I you grew up in Christian Science and left the church like I did, you'll like this book. If you are still a Christian Scientist then you'll hate it if you let yourself read it, which Mrs. said you probably shouldn't do. if you know nothing about Christian Science, don't read this until you read God's Perfect Child:Living and Dying in the Christian Science Church.
G**S
Four Stars
Grew up a CS but no longer involved. Book was very interesting. gs
D**E
Growing up the in Midwest
This book is really the author's memoir of her childhood in the Midwest, which involved MUCH more than Christian Science, although CS was her parents' and grandparents' strong belief.
K**A
a practicing Christian Scientist speaks
It's interesting that not one of these reviews mentions Christ Jesus and that he healed without medicine. Christian Science is often condemned because it's proponents don't go to doctors.
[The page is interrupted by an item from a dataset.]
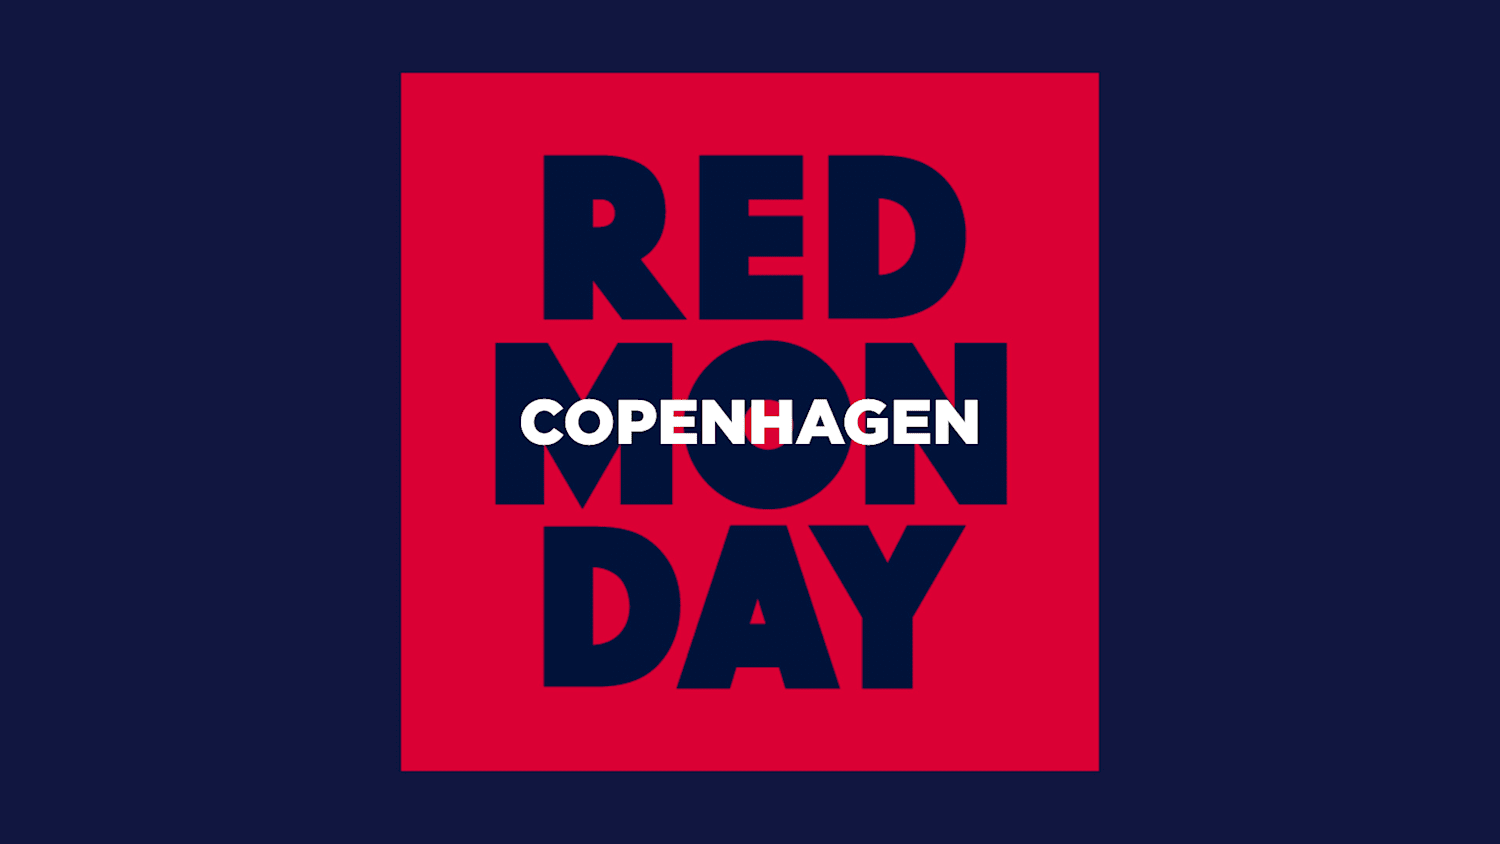 Red Monday is to Copenhagen

This infers that using conventional medicine and doctors is the only right option. Other religions also practice spiritual healing. Jesus disciples did it and his adherents did it into the 3rd Century at which time Jesus was arbitrarily designated as God and healing through prayer for all intents and purposes ceased. That decision made healing prayer a miracle and not natural. Understanding man as the image and likeness of God (not an manlike/anthropomorphic God) is the key to seeing healing. The emphasis in the book and a few of the reviews is that Christian Scientists claim matter isn't real. Again that is like trying to state a truth by beginning with the falsehood. The truth is that God is all therefore the human existence has no substance - which physicists know is the truth. Mary Baker Eddy received her inspiration by reading the Bible and she kept reading it. She had struggles throughout her whole life with very human problems just like all of us do. She makes a clear distinction between the relative human experience and the absolute divine thought acknowledging that we have to grow into the understanding of God as all. She specifically states that we can't demonstrate what we don't know. This religion does not hypnotize, mesmerize or otherwise brain wash people. People make their own choices. I know many Christian Scientists who have had phenomenal healings of deadly diseases. And I know Christian Scientists who have used conventional medicine and I know Christian Scientists who have died under medical care as well as under Christian Science treatment. Don't be tempted to pillory the religion over the ability or lack thereof of it's adherents to heal. If you do so you are then like those who put Jesus on the cross out of fear of what they didn't understand.
J**H
Read this book several times over 20 years
What a story of her childhood, i was attracted the the subject of Christian Scientist, but feel for her poor mother, mental illness and the struggle of a child growing up in the strange world of uncertanity and illness.